Looking at them, not at me, Priya said, “Karen, have you ever thought about leaving here? About what you might want to do after?”
“Are…” … you asking me to come with you? It died on my lips. It was too much to hope, and it would give too much away.
She waited patiently, still not raising her head.
“I have,” she said when I was quiet too long.
“Me too,” I answered. “I’m saving. I want a stable someday, a horse ranch. A breeding operation. Sell good cow ponies, and maybe break ’em for folks.”
“Oh,” she said.
She didn’t sound disappointed so much as concerned, so I hurried to say, “You would always be welcome. I … I’d build you a machine shop, and you could fixit while I wrangled, and you could cook and I could sew. And, and we could each read to the other while we did it.”

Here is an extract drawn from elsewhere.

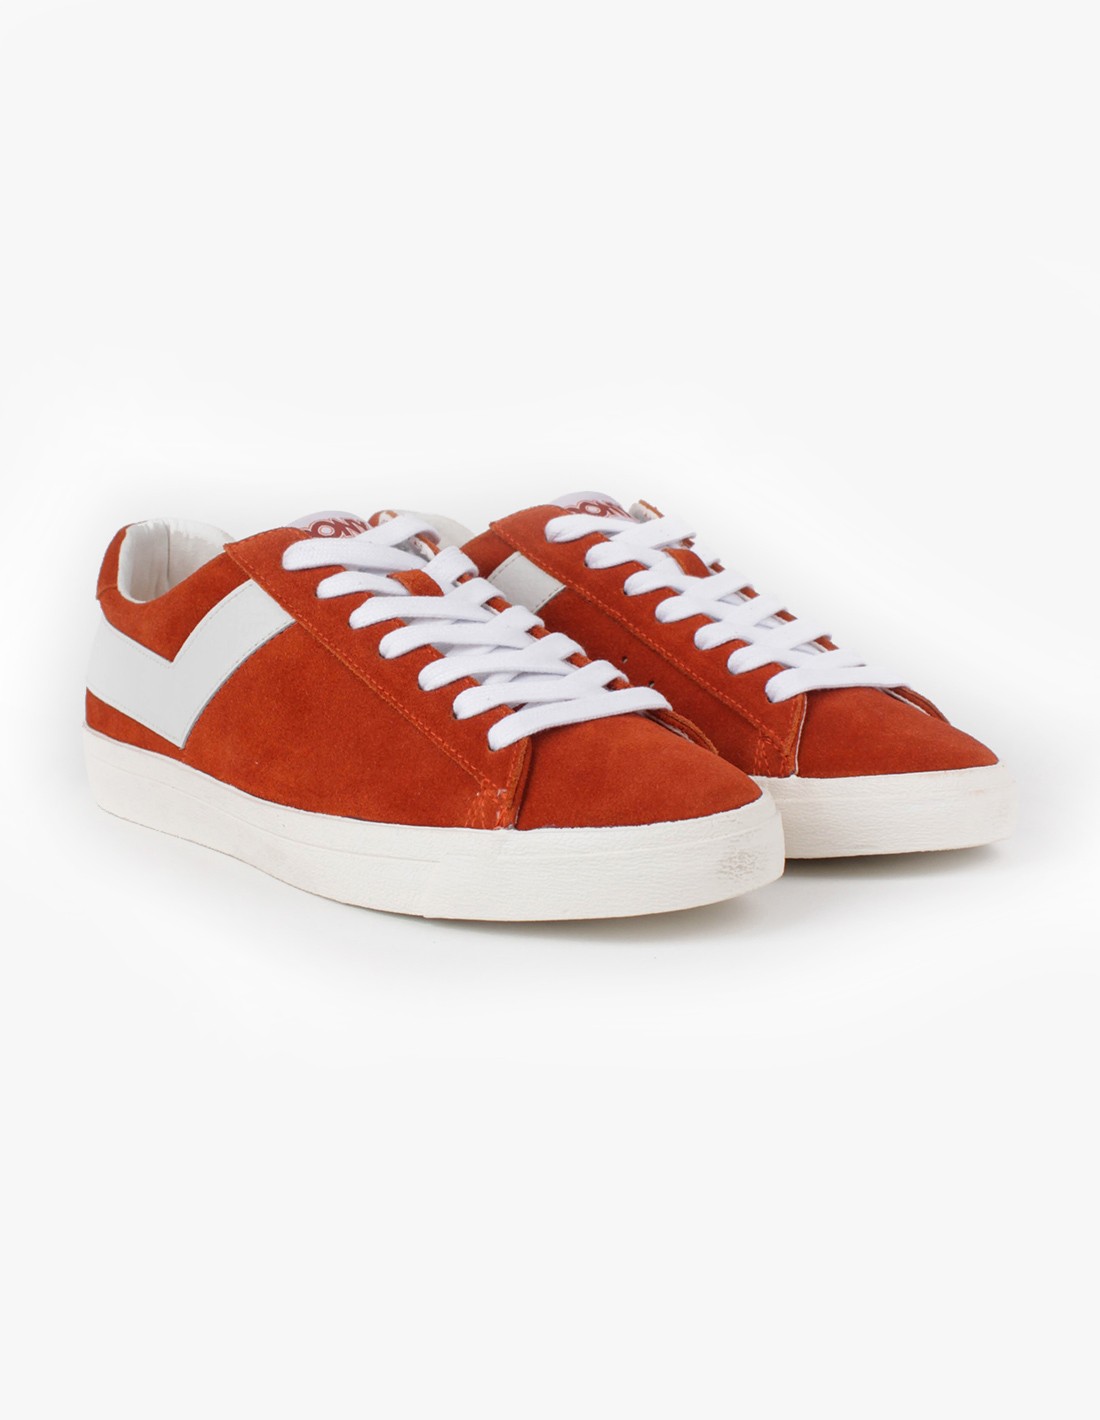 PONY Topstar Suede Ox in Burnt Ocre

It was about the prettiest dream I’d ever put to words, and no mistaking. I held my breath while I waited to see if she was going to shoot it down.
She said, “I don’t know anything about horses. My family had cattle and sheep … but the cattle weren’t for eating. We don’t eat cows at home. They’re for milk and cheese and ghee.”
I didn’t know what ghee was and made a note to ask her. But it seemed more important to say, “I know all about horses. I practically grew up on one. I could teach you, especially if you know cattle. If you’re not afraid.”